Joining the revised UK European code (second edition) released earlier in the year comes the revises and very recently published Australian (fourth) edition.
In the last issue of Pest magazine (Issue 25 January & February 2013) we reviewed the European Code of Practice Bed Bug Management – click here to see – and a copy of the Code itself can be downloaded if you click here.
Now the fourth edition of A Code of Practice for the Control of Bed Bug Infestations in Australia (CoP) has been released. A copy of the new Australian CoP can be downloaded by clicking here. Also worth a read are the submissions made commenting on the revised fourth code – click here to read.
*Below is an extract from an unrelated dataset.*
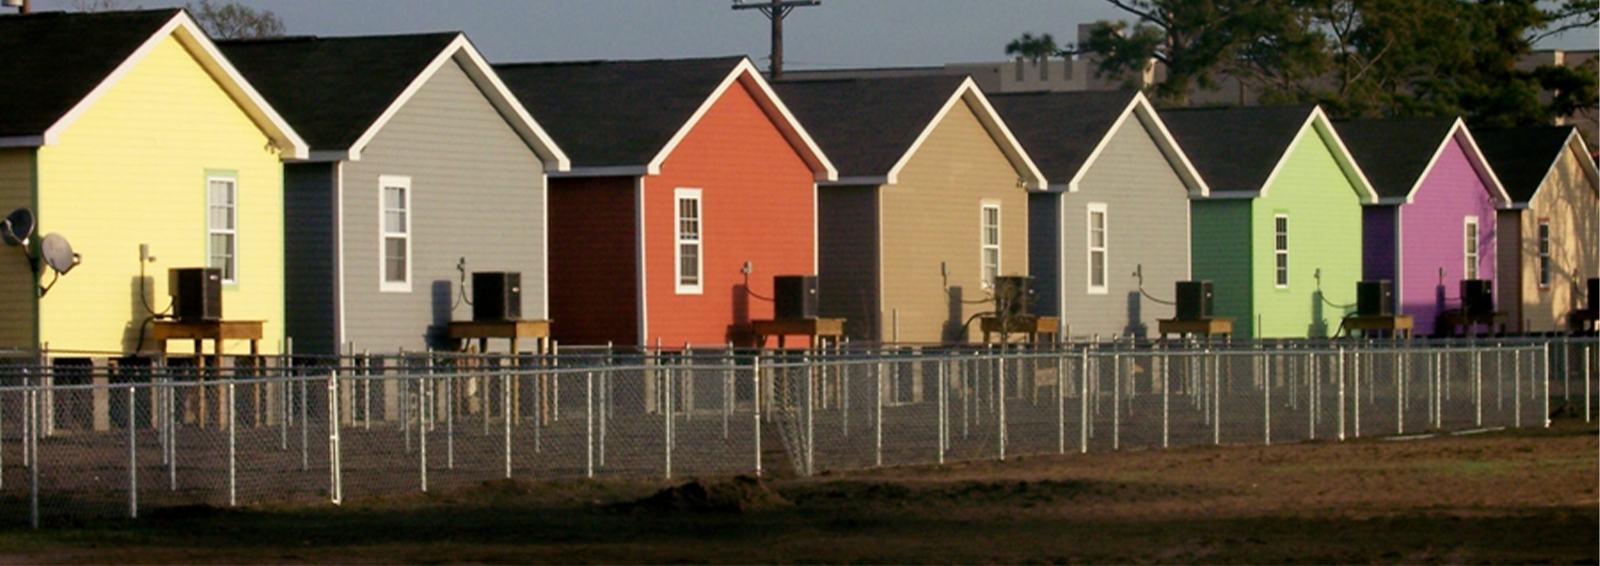 row houses

With Stephen Doggett of Westmead Hospital in New South Wales as the principle author, this Australian code blazed a trail for all other codes subsequently introduced elsewhere in the world. However, in the preface to this updated edition, Stephen pays tribute to two of the subsequent codes.
He explains: “The European Code of Practice Bed Bug Management was initially developed from the third edition of the Australian CoP and has been adapted for the European market. This has become a quality document such that the current edition of the CoP has cherry-picked the best from the European CoP. The organisation behind the European CoP, the Bed Bug Foundation (BBF), has joined forces with the Working Party for the Australian CoP, in an information co-sharing arrangement to better improve standards on bed bug management. The chair of the BBF, Oliver Madge, is especially acknowledged for his collaboration.”
Also recognised is the NPMA Bed Bugs Best Management Practices from the USA, released in 2011. While more limited in detail and scope then the European Code, it is a welcome addition to the fight against bed bugs and does contain useful information that was used to enhance the Australian CoP.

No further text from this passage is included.